We make the effort this time, in all but rehearsing until we’re good enough. We haven’t got a drummer, but we do have the Casio. We haven’t even got Rob for some reason, but that’s not going to stop us. We turn up early, even bringing some of our own equipment, including Ash’s new guitar amp, a Fender Twin Reverb. (If I’d been jealous about the guitar, this was something else. At least the guitar looked stupid.) We stroll into The Arts Centre about an hour before we figure we’d be on stage, there being no other support band and no need for us to soundcheck. Someone questions us on the way in –we go through the main entrance, not the stage door – but seem convinced that we’re the support band due to us carrying equipment. I’ve often wondered if this would work elsewhere: turn up at a sold out gig at Wembley Arena carrying a couple of flight cases, muttering how you’ve just managed to lose your Access All Areas pass, and see if you get past anyone. Probably not.

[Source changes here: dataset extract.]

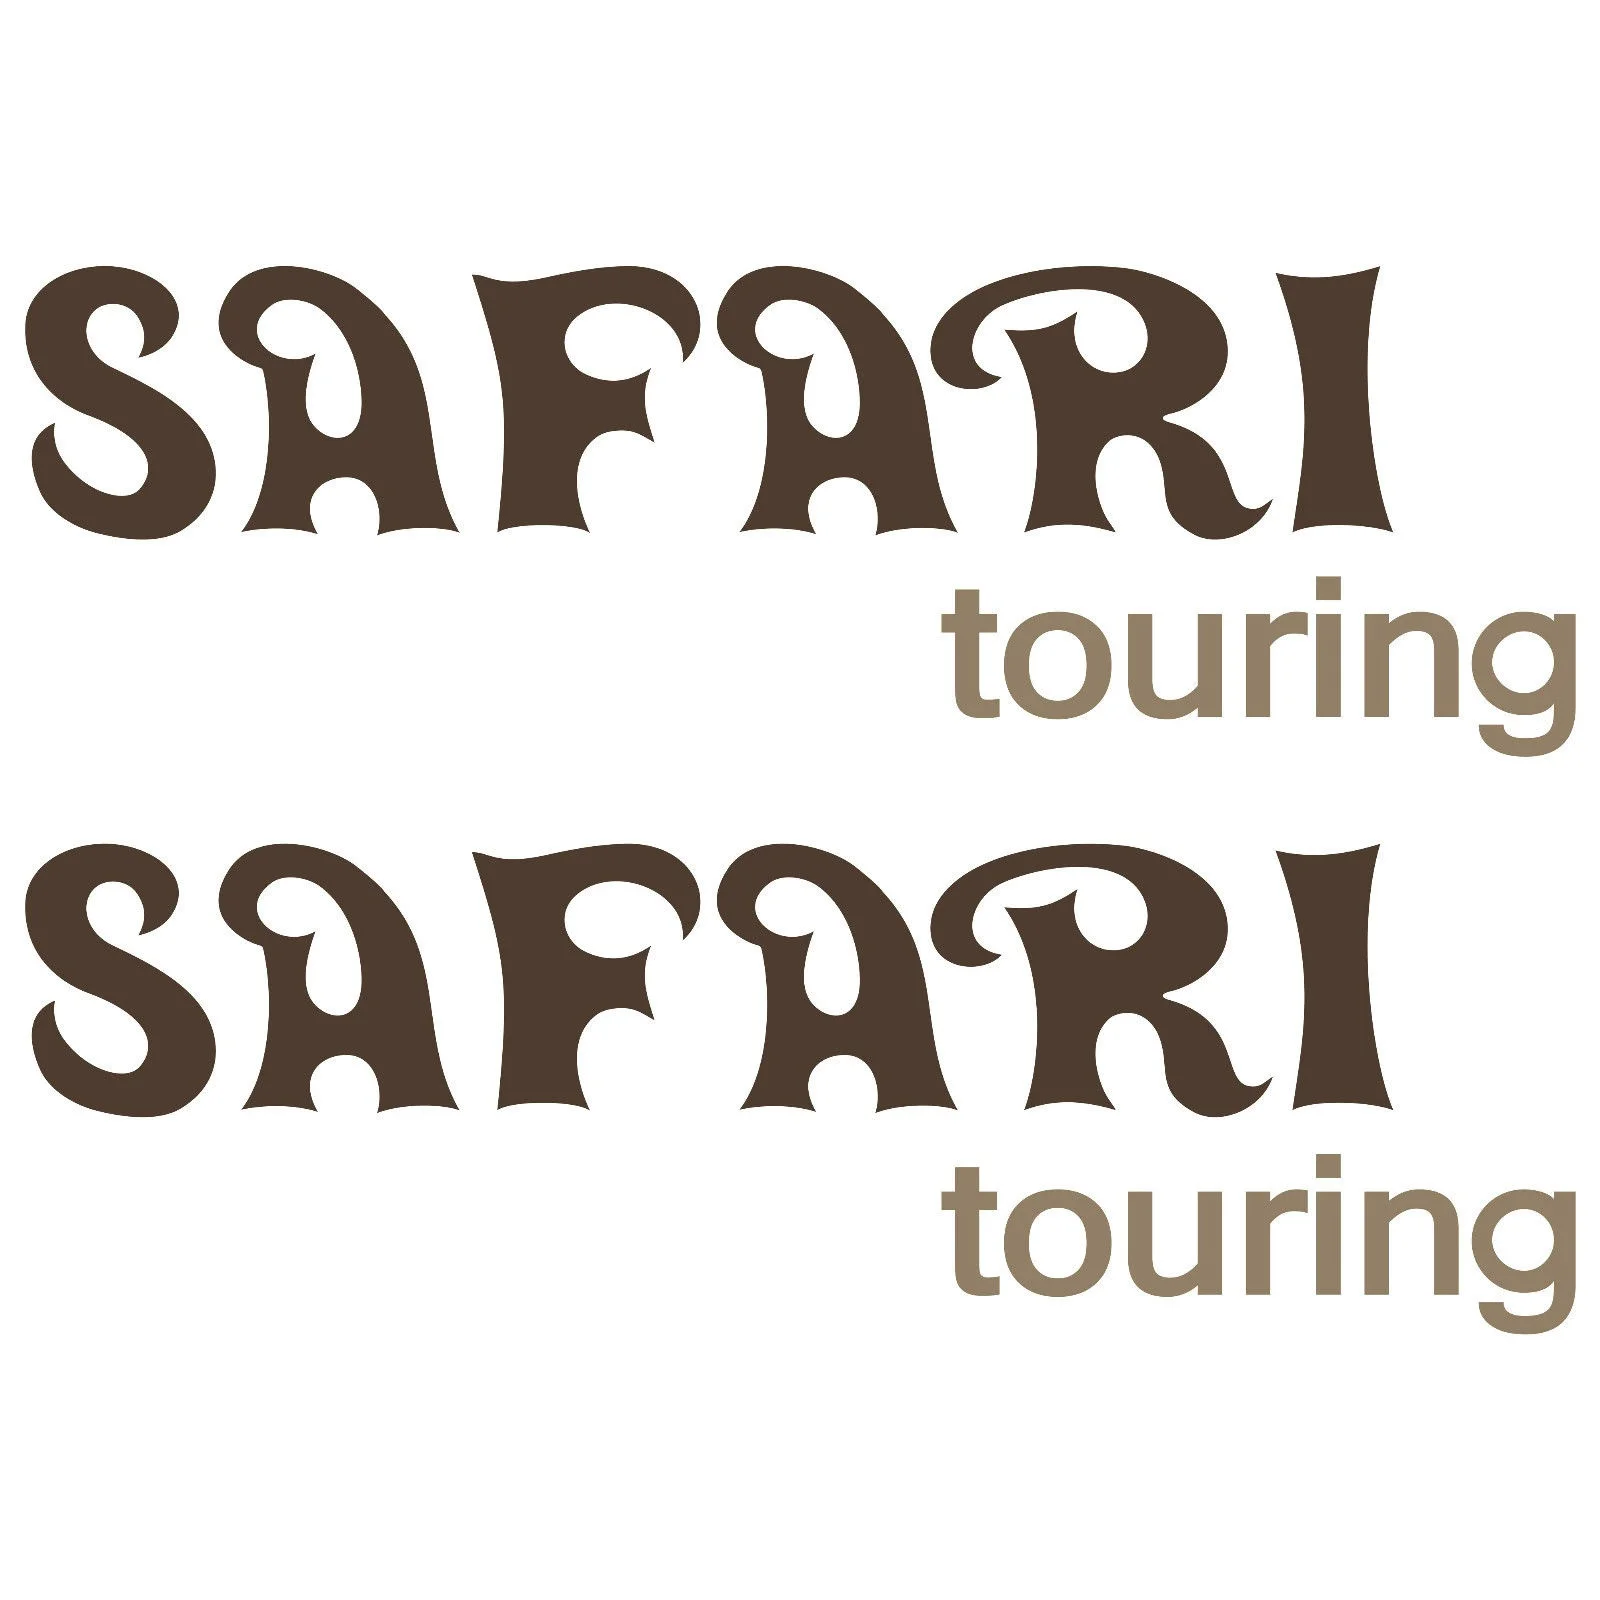 Pentru 2 x SAFARI touring ci WILK aufkleber autocolant wohnmobil camper wohnwagen caravana Auto Styling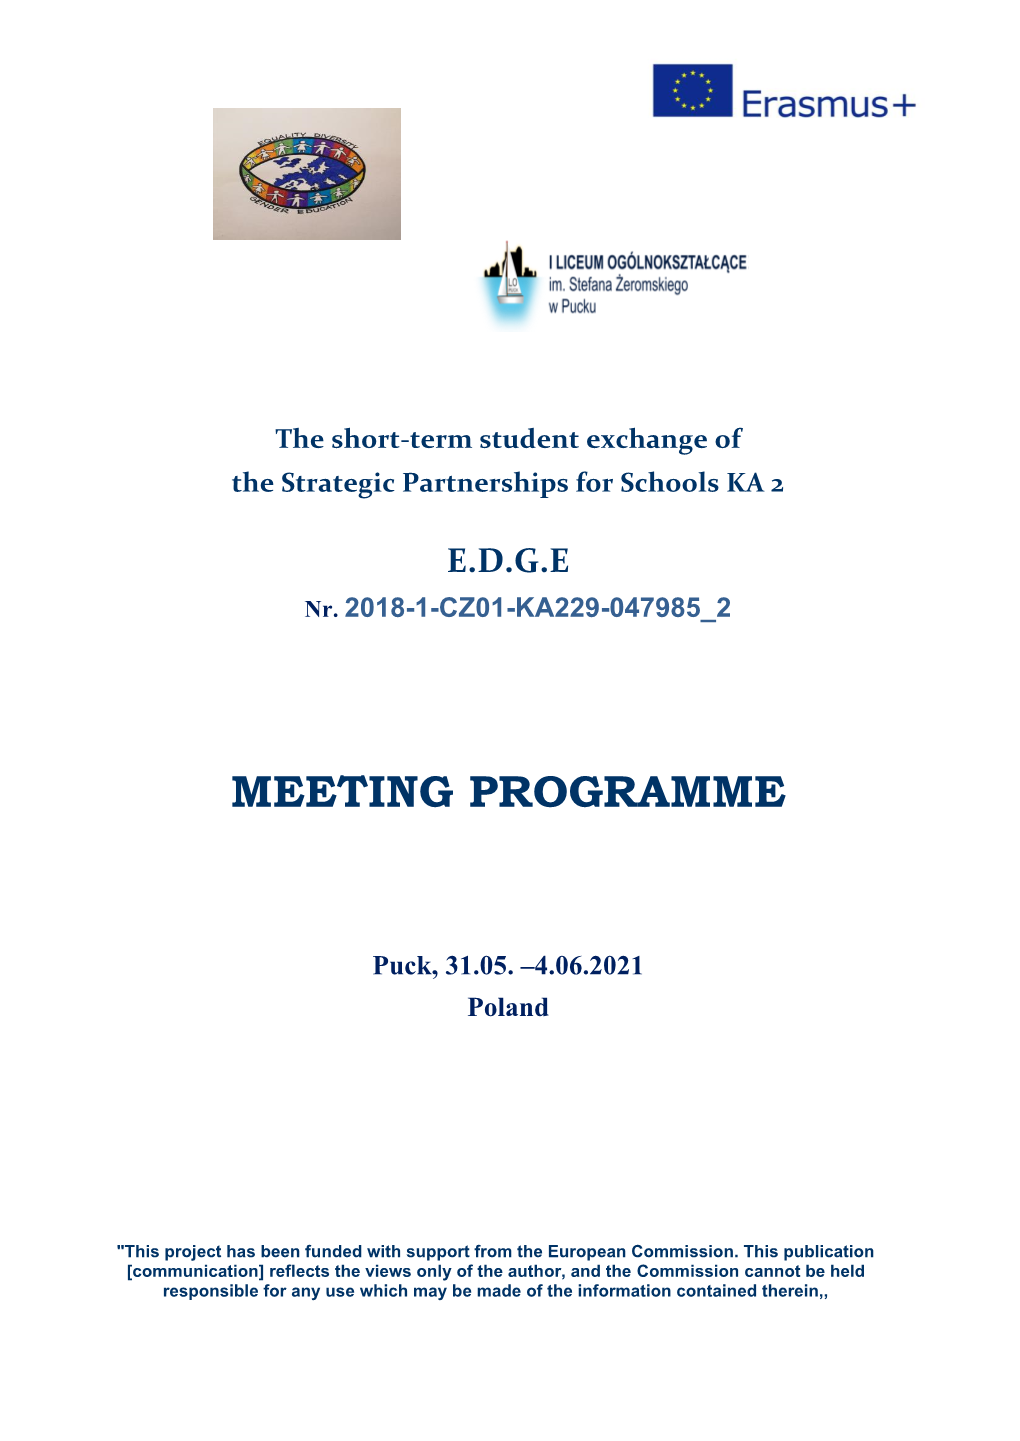 Meeting Programme

13th Reunion have finished their soundcheck and a couple of them are stood in far corner next to the mass speakers of the PA system. This is a big step us for us, particularly after the Marmion shambles. The Arts Centre only seems to get a certain calibre of band. It’s not like the Rathole where Gibbons will risk a new band, knowing that some of us punters will turn up regardless. Here, you have to pay to hire the room, get a PA in, organise the door and promote the whole thing. Big stuff for bigger bands.
Having told the local press that we were the support band, it may have been wise to have asked 13th Reunion if it was okay that we turn up again. We haven’t. Barry, their singer, spots us and makes straight for us. We’re pleased to see him, looking forward to another great night ahead. However, his first words throw us somewhat:
“Sorry, lads. Not tonight.”
“- ! –“ We respond, the three of us, with, well, with expressions of sorts.
“Look. We like you and that. You’re alright. But we think it’s time you started getting your own gigs.”
We know we should respect their decision, at least they’ve spoken about us for a start. We also know that we should do the honourable thing and stay to support another struggling young local band, assist in maintaining a thriving Tamworth music scene. The fuck we should. We’re straight out of there and we walk – three guitars and an amp – all the way back up the Glascote Road. This takes ages but is lightened up by Spencer and Ashley performing a bizarre mock chase. As they run after me, pushing the amp, they hum and sing the intro to “A Day At Home” off our first “demo.” The inference is clear. We’ve come so far that a song which we once thought a major achievement is now worth taking the piss out of. Shows progress, I suppose.
The other thing that it didn’t take long to work our about that night is this: at first we honestly thought that 13th Reunion didn’t want to share a gig with us because we were so good we were guaranteed to blow them offstage. In fact, the Marmion gig was such a mess that there could have been few bands in the history of live music that had ever put in a worse performance. That, unfortunately for us, was 13th Reunion’s only marketing plan. I can understand why they weren’t going to let us steal it.